El presidente Donald Trump visitó la base Fort Bragg en Carolina del Norte para reunirse con agentes de Delta Force, destacando la captura de Nicolás Maduro el 3 de enero como una demostración del poderío militar estadounidense. Describió la operación como inédita en velocidad y precisión, resultando en 83 fallecidos y más de 112 heridos entre fuerzas venezolanas, principalmente la guardia cubana de Maduro. Trump enfatizó que esta acción eliminó al dictador y desestabilizó su régimen.

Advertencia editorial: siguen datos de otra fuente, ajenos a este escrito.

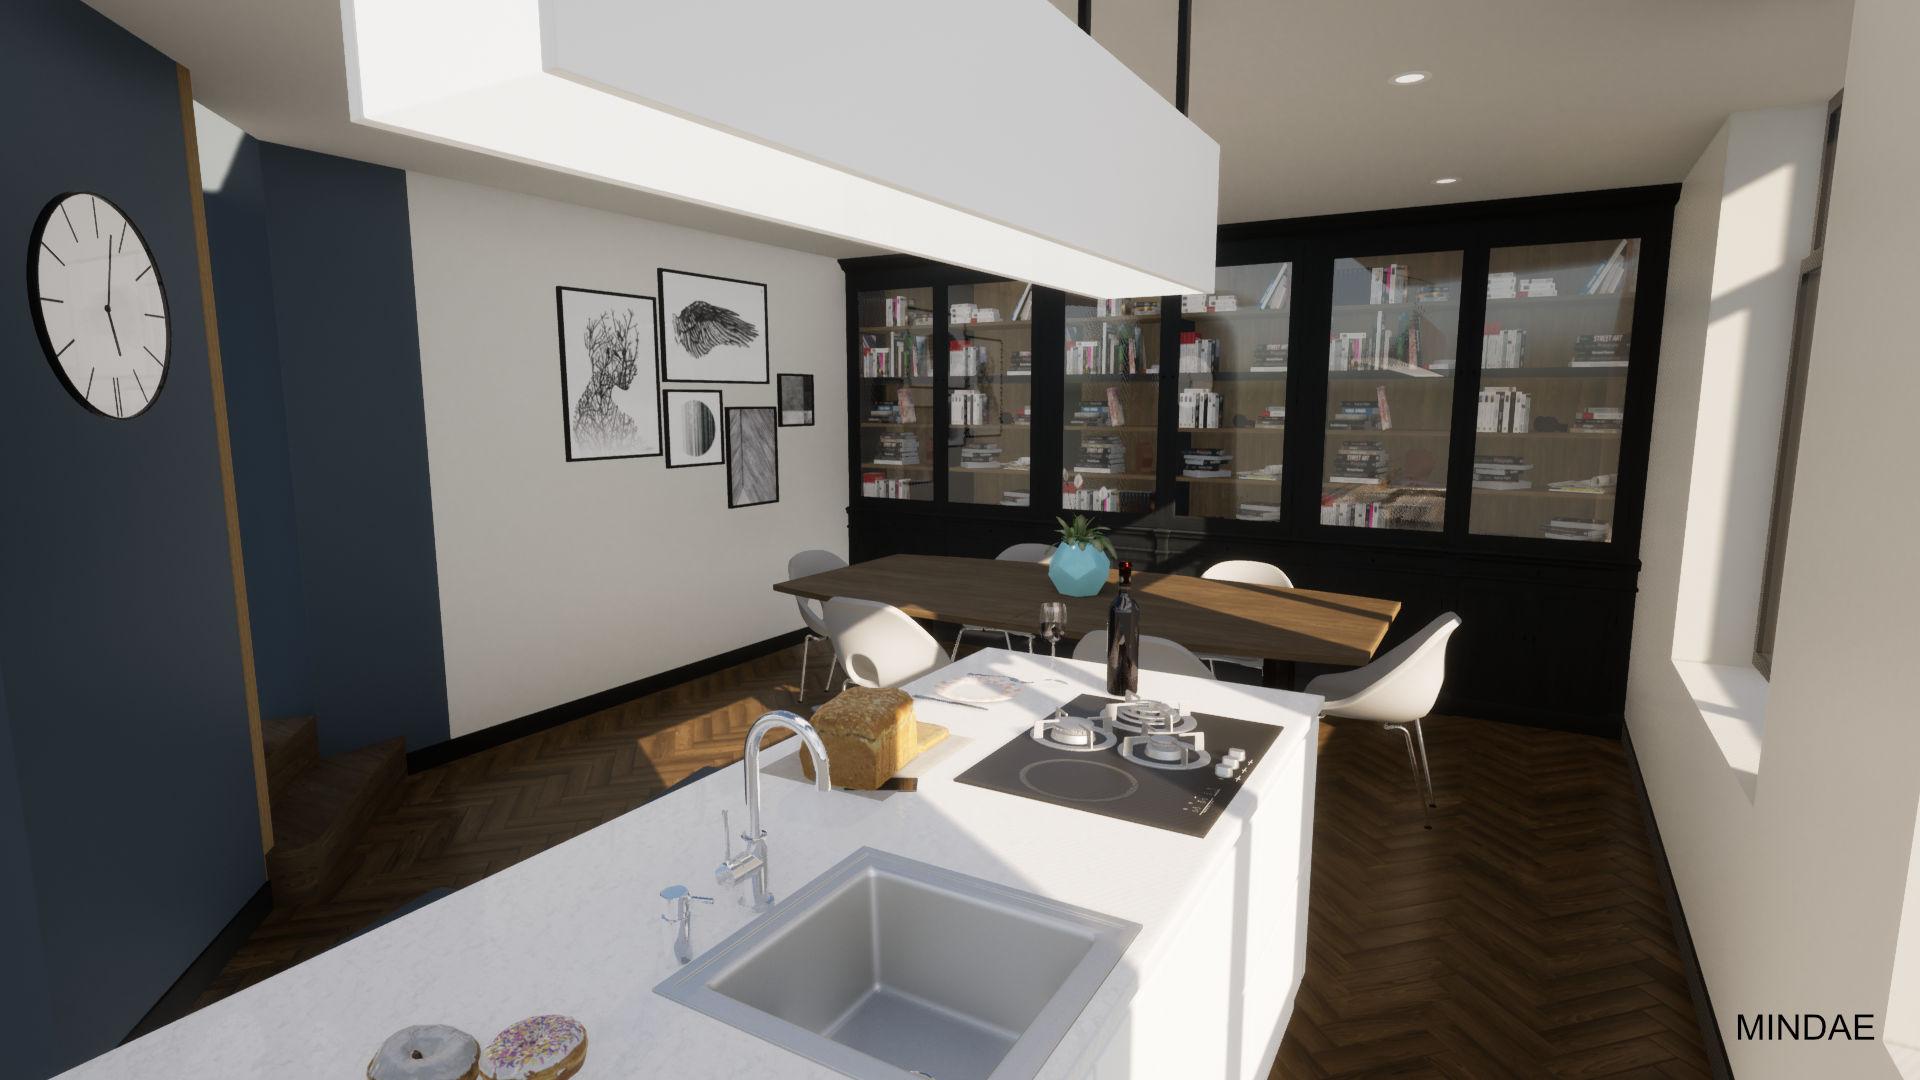 Mindae_Charleroi_Triplex_salle à manger_cuisine ouverte_bibliothèque (3)

Durante el discurso, Trump reveló el uso de un sistema armamentístico secreto, denominado 'descombo volador', que neutralizó defensas rusas y chinas en Venezuela sin disparos detectados. 'Es agradable volar sin que te disparen', comentó, sugiriendo avances tecnológicos que mantienen a EE.UU. por delante de rivales. La operación incluyó bombardeos a bases militares, capturada a Maduro y su seguridad personal compuesta por cubanos.
Esta visita refuerza el compromiso de la administración Trump con intervenciones decisivas contra regímenes hostiles, utilizando innovación militar para proteger intereses globales. El saldo humano subraya la intensidad del enfrentamiento, mientras Venezuela transita hacia una nueva fase post-Maduro bajo influencia estadounidense.